Incessamment préoccupé des besoins de sa famille, auxquels il suffit à peine au jour le jour, voyant une folle concurrence amoindrir son salaire, l’artisan laborieux sera chagrin, abattu, l’heure du repos ne sonnera pas pour lui, une sorte de lassitude somnolente interrompra son travail exagéré. Puis, au réveil de ce douloureux assoupissement, il se retrouvera face à face avec les mêmes pensées accablantes sur le présent, avec les mêmes inquiétudes pour le lendemain.
 
Bronzé par le vice, indifférent au passé, heureux de la vie qu’il mène, certain de l’avenir (il peut se l’assurer par un délit ou par un crime), regrettant la liberté sans doute, mais trouvant de larges compensations dans le bien-être matériel dont il jouit, certain d’emporter à sa sortie de prison une bonne somme d’argent, gagnée par un labeur commode et modéré ; estimé, c’est-à-dire redouté de ses compagnons en raison de son cynisme et de sa perversité, le condamné, au contraire, sera toujours insouciant et gai.
 
Encore une fois, que lui manque-t-il ?
 
Ne trouve-t-il pas en prison bon abri, bon lit, bonne nourriture, salaire élevé[1], travail facile, et surtout et avant tout société de son choix, société, répétons-le, qui mesure sa considération à la grandeur des forfaits ?
 
Un condamné endurci ne connaît donc, ni la misère, ni la faim, ni le froid.

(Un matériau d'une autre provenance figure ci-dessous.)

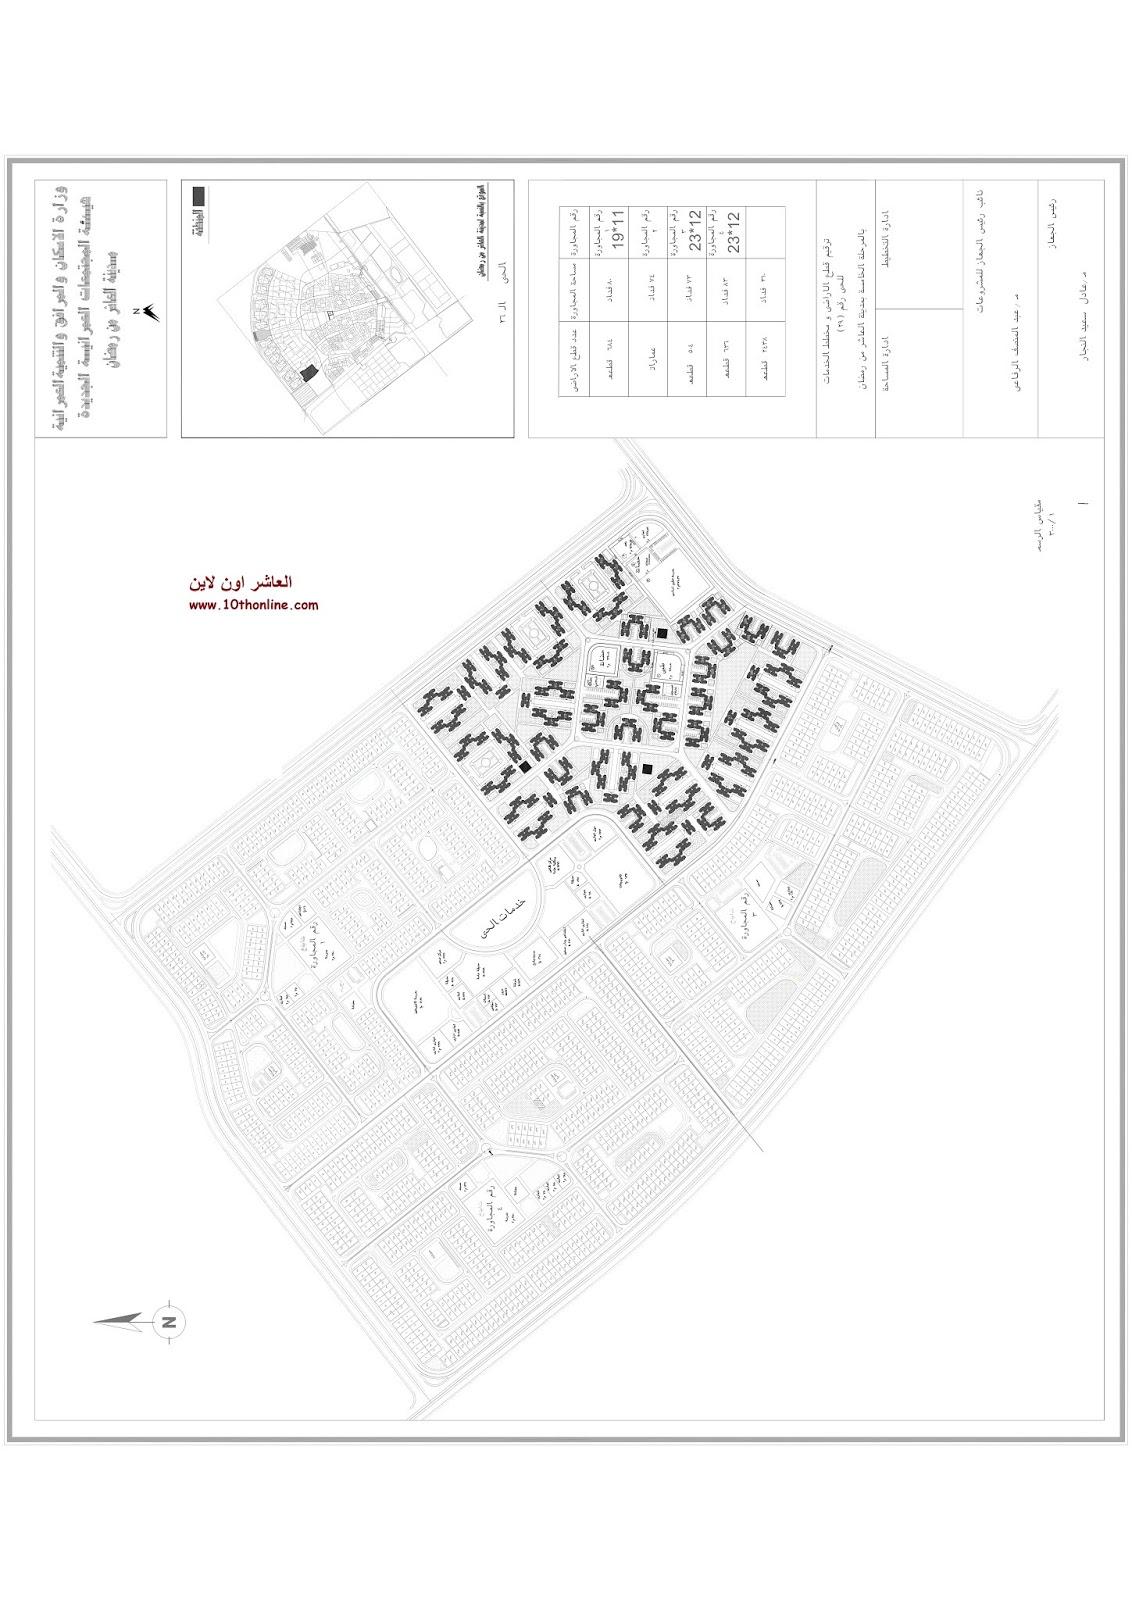 خريطة الحى 29 بالعاشر من رمضان العاشر اون لاين

Que lui importe l’horreur qu’il inspire aux honnêtes gens ?
 
Il ne les voit pas, il n’en connaît pas.
 
Ses crimes font sa gloire, son influence, sa force auprès des bandits au milieu desquels il passera désormais sa vie.
 
Comment craindrait-il la honte ?
 
Au lieu de graves et charitables remontrances qui pourraient le forcer à rougir et à se repentir du passé, il entend de farouches applaudissements qui l’encouragent au vol et au meurtre.
 
À peine emprisonné, il médite de nouveaux forfaits.
 
Quoi de plus logique ?
 
S’il est découvert, arrêté derechef, il retrouvera le repos, le bien-être matériel de la prison, et ses joyeux et hardis compagnons de crime et de débauche…
 
Sa corruption est-elle moins grande que celle des autres, manifeste-t-il, au contraire, le moindre remords ; il est exposé à des railleries atroces, à des huées infernales, à des menaces terribles.
 
Enfin, chose si rare qu’elle est devenue l’exception de la règle, un condamné sort-il de cet épouvantable pandémonium avec la volonté ferme de revenir, au bien par des prodiges de travail, de courage, de patience et d’honnêteté, a-t-il pu cacher son infamant passé, la rencontre d’un de ses anciens camarades de prison suffit pour renverser cet échafaudage de réhabilitation si péniblement élevé.
 
Voici comment.
 
Un libéré endurci propose une affaire à un libéré repentant ; celui-ci, malgré de dangereuses menaces, refuse cette criminelle association ; aussitôt une délation anonyme dévoile la vie de ce malheureux qui voulait à tout prix cacher et expier une première faute par une conduite honorable.
 
Alors, exposé aux dédains ou au moins à la défiance de ceux dont il avait conquis l’intérêt à force de labeur et de probité, réduit à la détresse, aigri par l’injustice, égaré par le besoin, cédant enfin à ses funestes obsessions, cet homme presque réhabilité retombera encore et pour toujours au fond de l’abîme d’où il était si difficilement sorti.
 
Dans les scènes suivantes, nous tâcherons donc de démontrer les monstrueuses et inévitables conséquences de la réclusion en commun.
 
Après des siècles d’épreuves barbares, d’hésitations pernicieuses, on paraît comprendre qu’il est peu raisonnable de plonger dans une atmosphère abominablement viciée des gens qu’un air pur et salubre pourrait seul sauver.
 
Que de siècles pour reconnaître qu’en agglomérant les êtres gangrenés, on redouble l’intensité de leur corruption, qui devient ainsi incurable !
 
Que de siècles pour reconnaître qu’il n’est, en un mot, qu’un remède à cette lèpre envahissante qui menace le corps social…
 
L’isolement !…
 
Nous nous estimerions heureux si notre faible voix pouvait être, sinon comptée, du moins entendue parmi toutes celles qui, plus imposantes, plus éloquentes que la nôtre, demandent avec une si juste et si impatiente insistance, l’application complète, absolue, du système cellulaire.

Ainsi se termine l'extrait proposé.